Американский социолог Харгиттаи предположила, что «цифровые» различия лягут в основу новой социальной структуры, приведут к возникновению новых признаков дифференциации, не менее устойчивых, чем прежние (Hargittai, 2011). В настоящее время, считает она, существуют три типа ограничений на пути использования цифровых технологий, создающих в каждом случае ограничения социального плана. Дело в том, что сетевые цифровые навыки идут всё дальше от состояния «желательных», имеющих альтернативу в иной практической области, к состоянию «совершенно необходимых», без которых получить ту или иную услугу, тот или иной ресурс невозможно. В первую группу ограничений входит граница между владеющими и невладеющими цифровыми технологиями. В самом начале цифровой эры доля тех, кто имел аппаратные возможности подключения к цифровым технологиям (компьютер, мобильный телефон) исчислялась долями процента. В дальнейшем, благодаря снижению цен на цифровую приборную базу, доля тех, кто имел возможность использовать подобные технологии выросла и в настоящее время составляет большинство. Тем не менее, в условиях, когда медианные доходы в развивающихся странах невелики, цифровые технологии оказываются за рамками доступности для значительной части населения.

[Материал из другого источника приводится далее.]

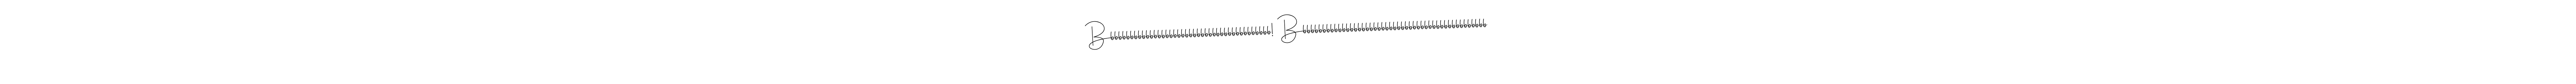 You can use this online signature creator to create a handwritten signature for the name Bbbbbbbbbbbbbbbbbbbbbbbbbbbbbbbbbbbbbbbbbb! Bbbbbbbbbbbbbbbbbbbbbbbbbbbbbbbbbbbbbbbbbbbbbbbb. This is the best online autograph maker. Bbbbbbbbbbbbbbbbbbbbbbbbbbbbbbbbbbbbbbbbbb! Bbbbbbbbbbbbbbbbbbbbbbbbbbbbbbbbbbbbbbbbbbbbbbbb signature style 4 images and pictures png
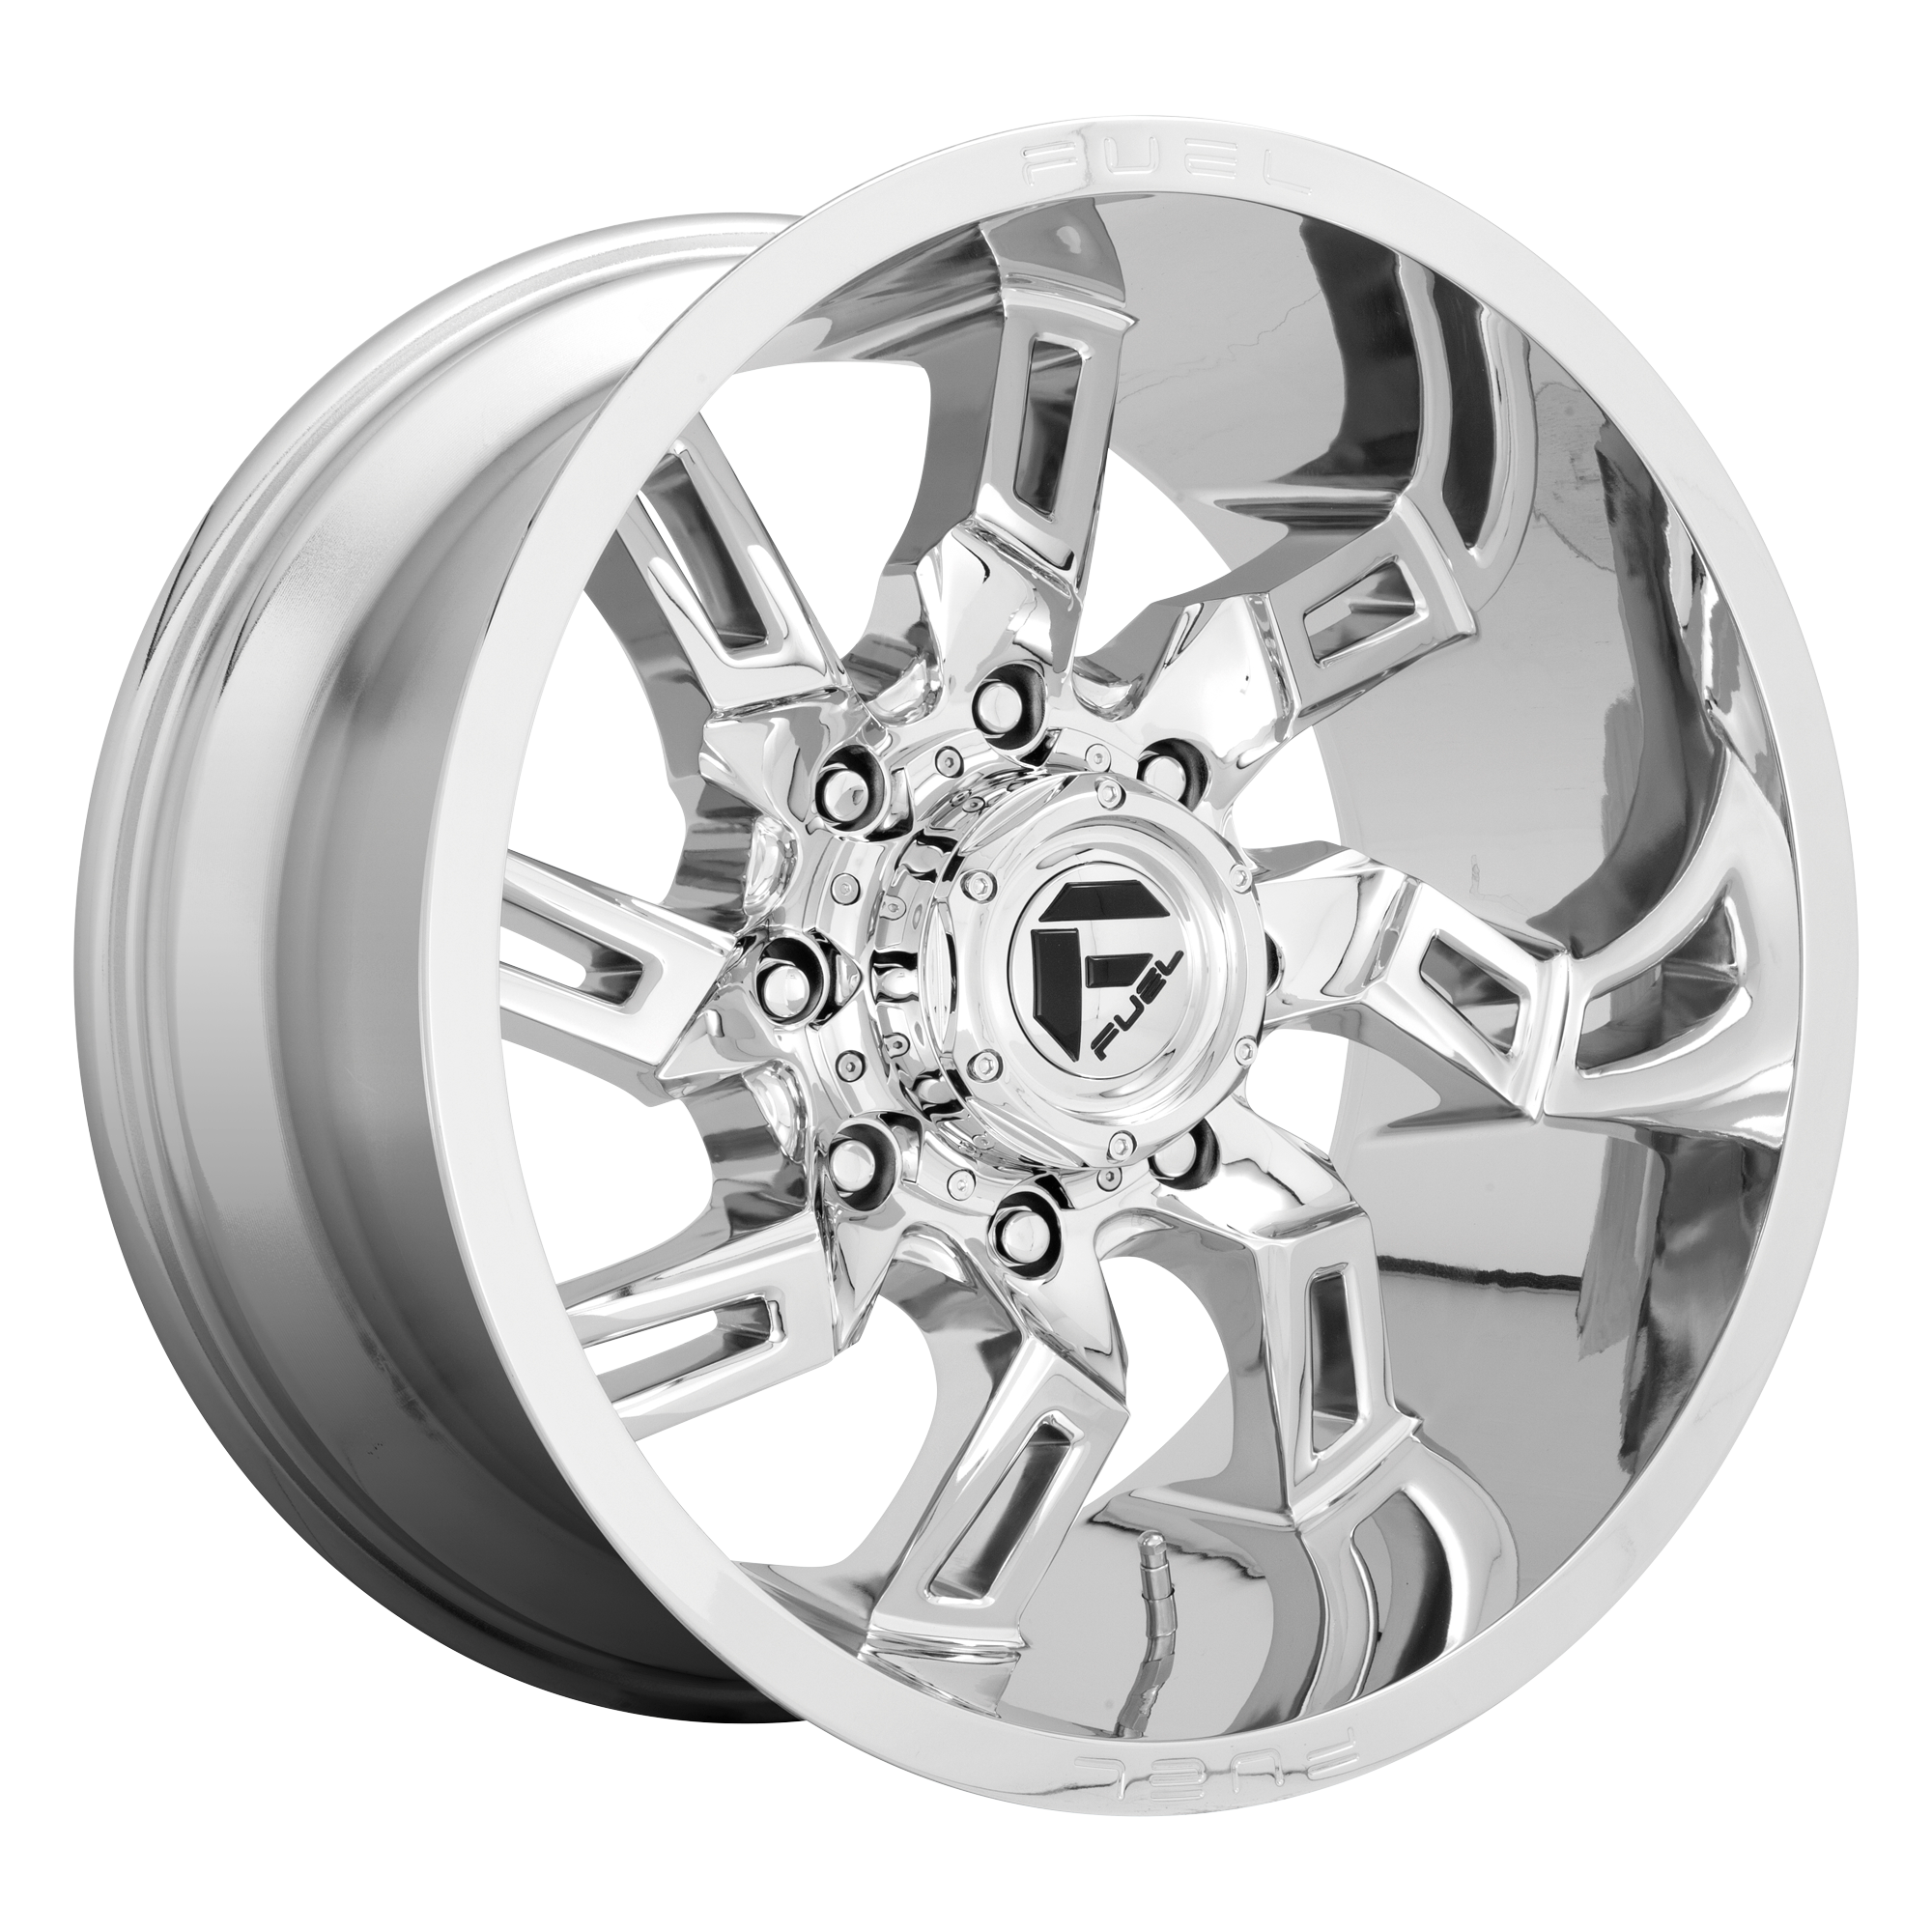 LOCKDOWN 20x9 6x135.00 CHROME (1 mm) - Tires and Engine Performance

Цифровое неравенство накладывается на неравенства уже существующие – доходное и территориальное. Наименее благополучные слои населения испытывают существенные ограничения по части использования «цифры» и, соответственно, включенности в цифровые сети разного уровня. В большинстве случае эта часть населения сосредоточена в отдалении от крупных центров населенных пунктах, где связь менее устойчивая и более медленная, чем в больших городах. В этом смысле можно считать сбывшимся прогноз Скота Лэша: цифровые технологии в каких-то случаях снимают существующие социальные противоречия, а в других случаях делают их более заметными.
Второй тип неравенства по классификации Харгитаи связан с наличием тех или иных компетенций во владении сетевыми технологиями в условиях, когда эти технологии становятся одним из основных способов получения важных социальных услуг. Исследование, которые было проведено Институтом социологии совместно с Фондом поддержки детей в трудной жизненной ситуации в 2014 году, принесло парадоксальные результаты[1]. Выяснилось, что наиболее успешно социальными услугами, распространяемыми с помощью сети Интернет, пользуются наиболее благополучные, компетентные граждане, разбирающиеся в том, как использовать то или иное цифровое приложение, как заполнять соответствующие формы, как обосновывать необходимость получения социальной услуги. Что касается наименее благополучных слоев, то в этих социальных группах доля тех, кто не имел достаточных компетенций для того, чтобы воспользоваться социальными преимуществами, оказалось едва ли не большинство. Как это часто бывает, упомянутые различия воспроизводили себя, прежде всего, внутри существующей территориальной структуры с присущим ей неравенством. В числе тех, кто испытывал наибольшие трудности при получении социальных услуг, оказывались, как правило, граждане, проживающие в отдаленных населенных пунктах с плохой транспортной инфраструктурой. Складывалась парадоксальная ситуация: технологии, которые должны были служить инструментом выравнивания социальных различий, в реальности лишь усугубляли их.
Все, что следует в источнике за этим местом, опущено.